▶
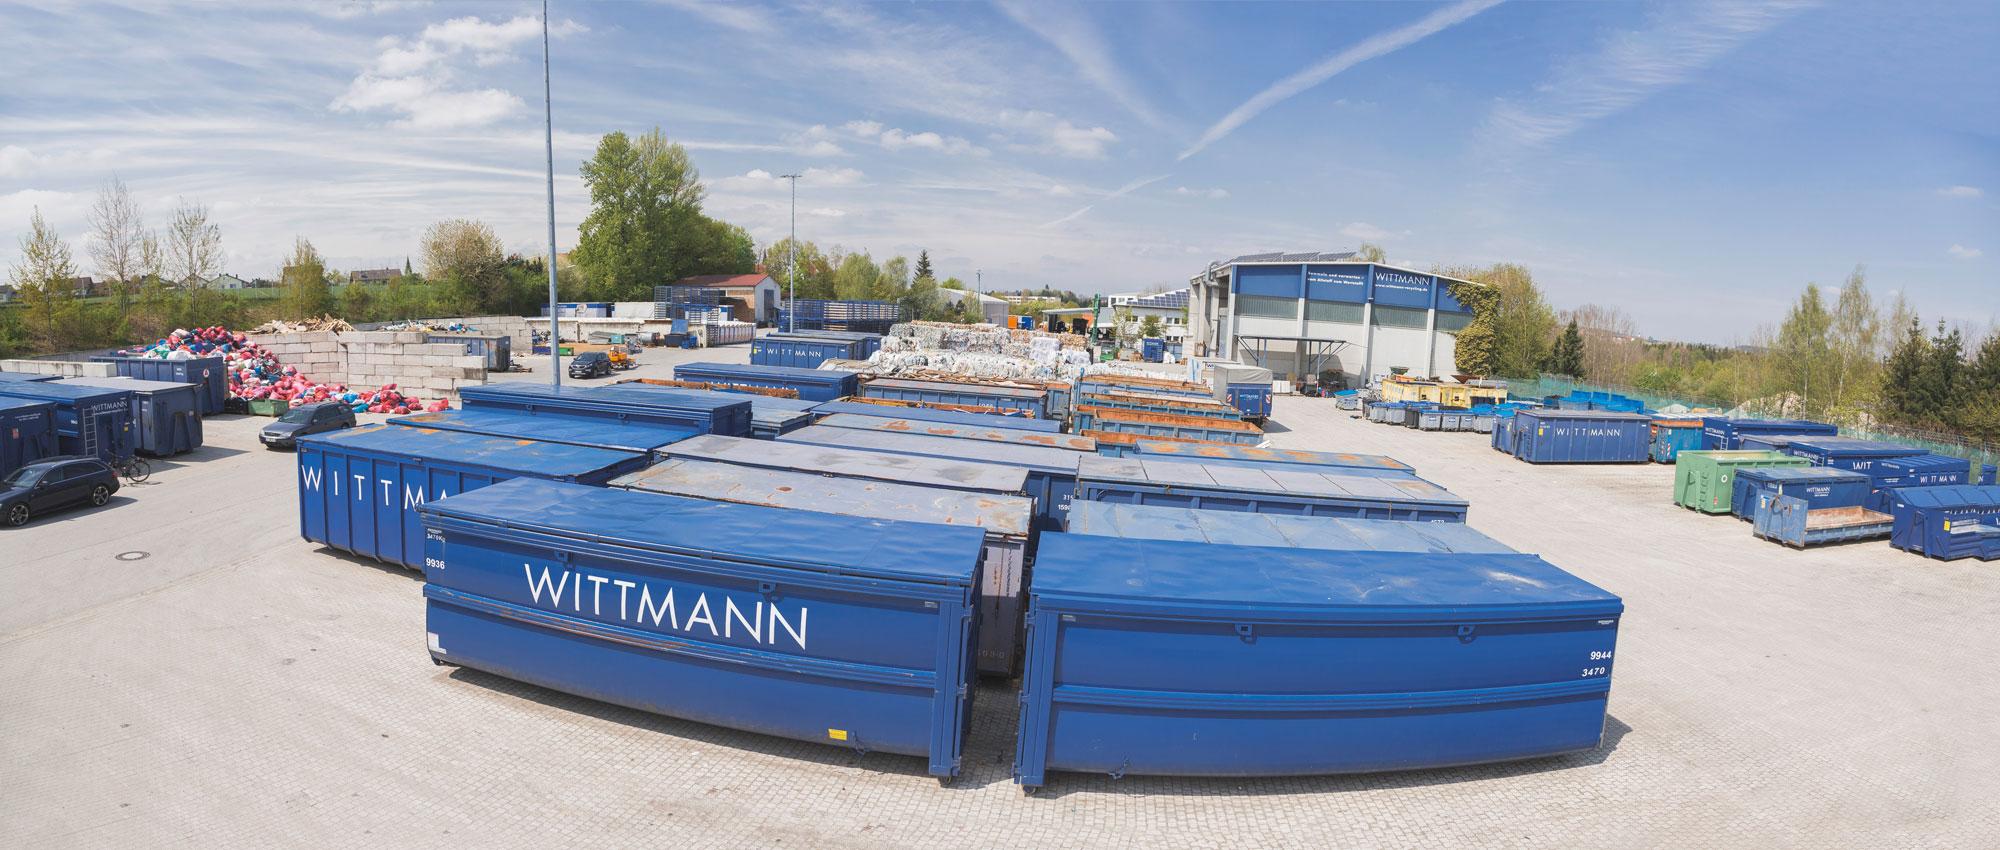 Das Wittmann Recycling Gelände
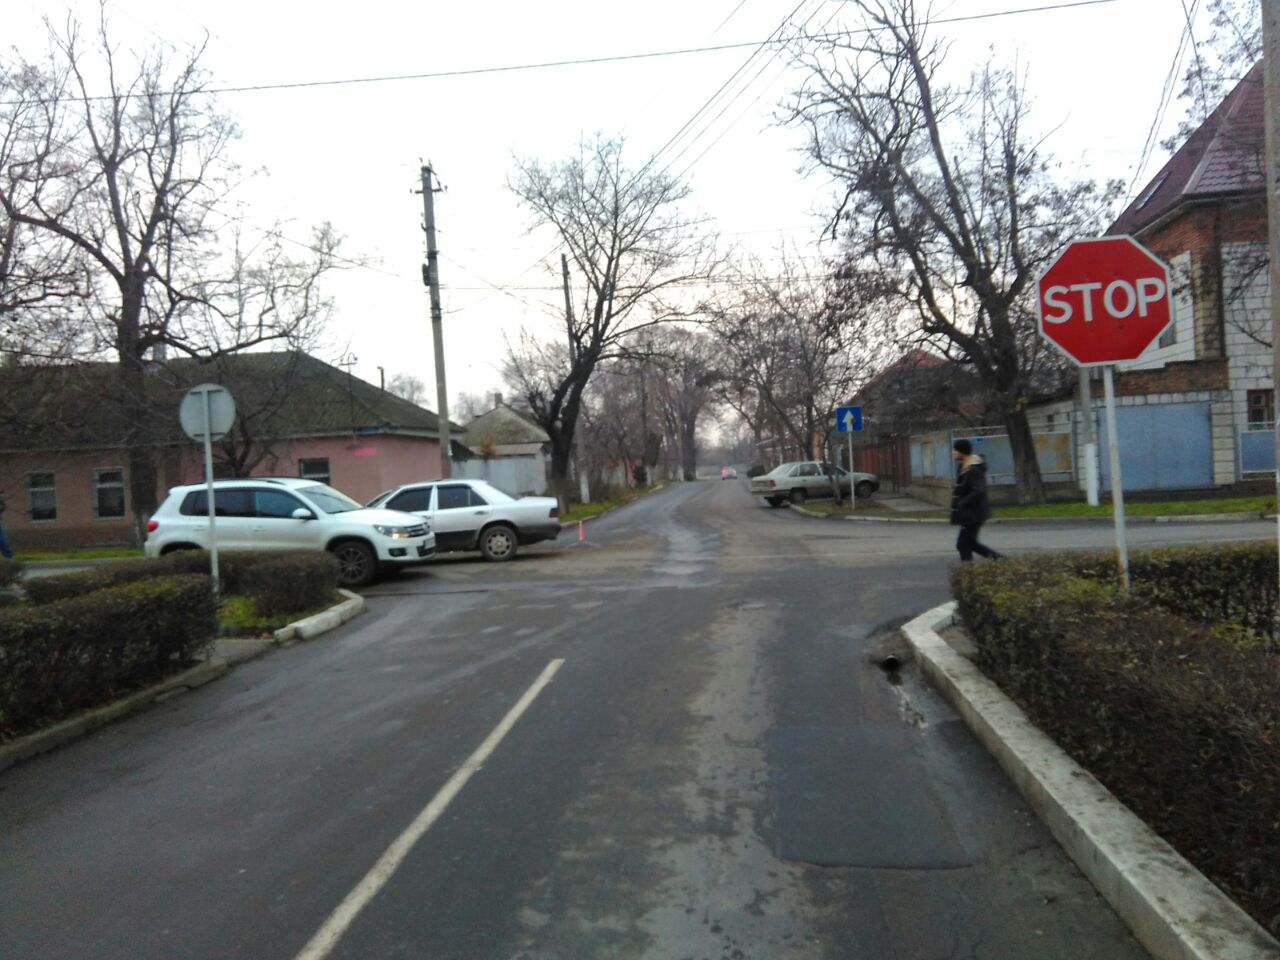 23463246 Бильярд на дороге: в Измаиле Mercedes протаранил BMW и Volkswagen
◀
▶
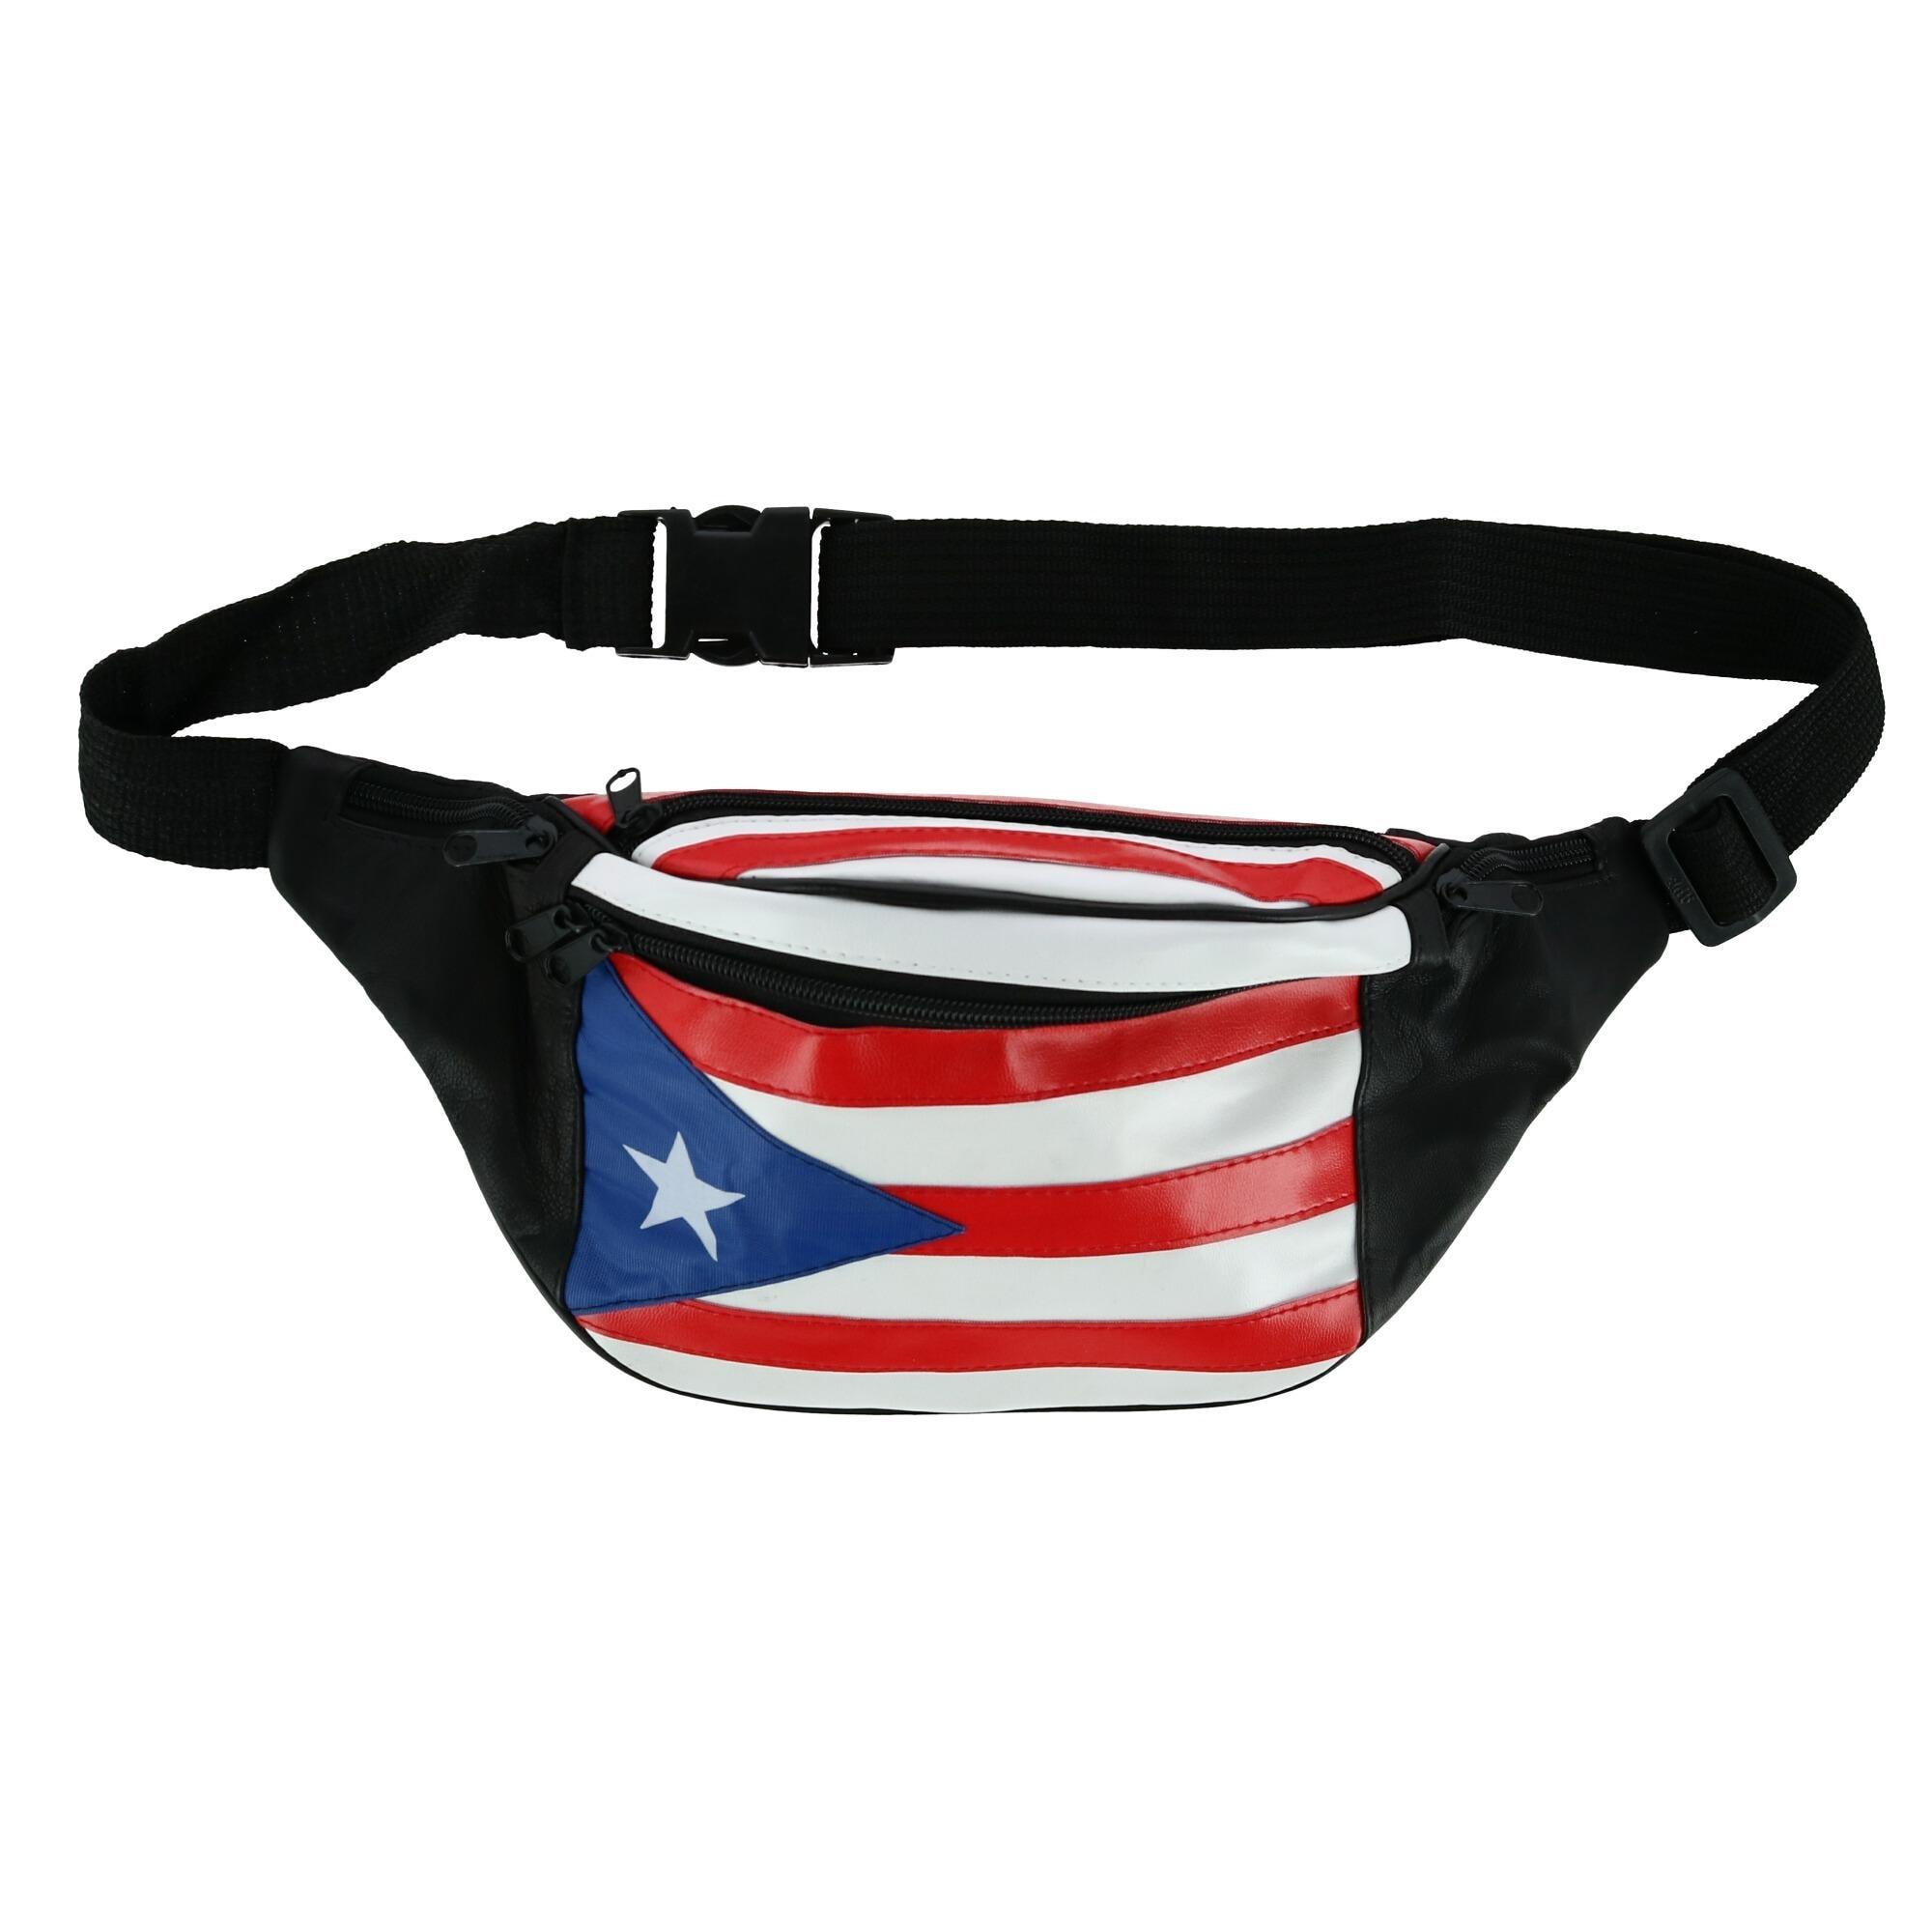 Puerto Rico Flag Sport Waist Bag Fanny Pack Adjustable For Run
◀
▶
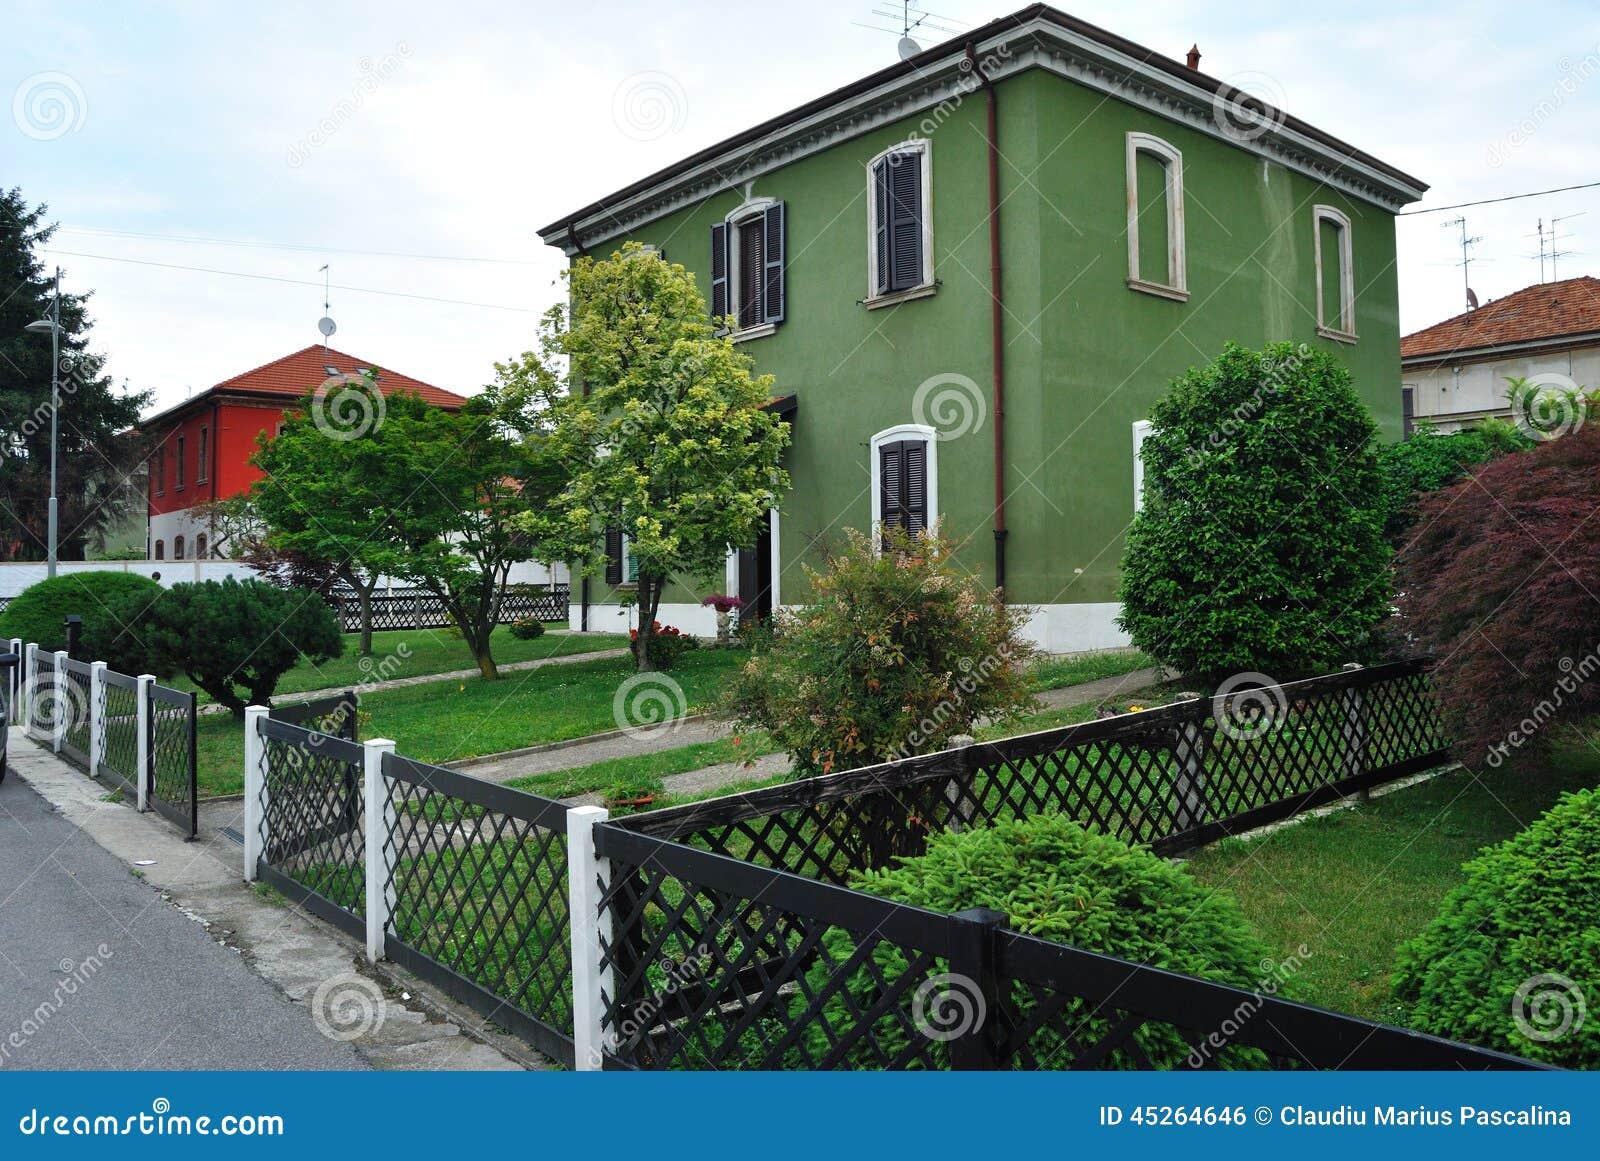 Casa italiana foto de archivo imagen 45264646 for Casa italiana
◀
_Your task_: Take the material above from the line bearing "Das Wittmann Recycling Gelände" through the line bearing "23463246 Бильярд на" and write it out exactly, both end lines included. Pictures stay out.

_Response to this exercise_:
 Das Wittmann Recycling Gelände
 23463246 Бильярд на дороге: в Измаиле Mercedes протаранил BMW и Volkswagen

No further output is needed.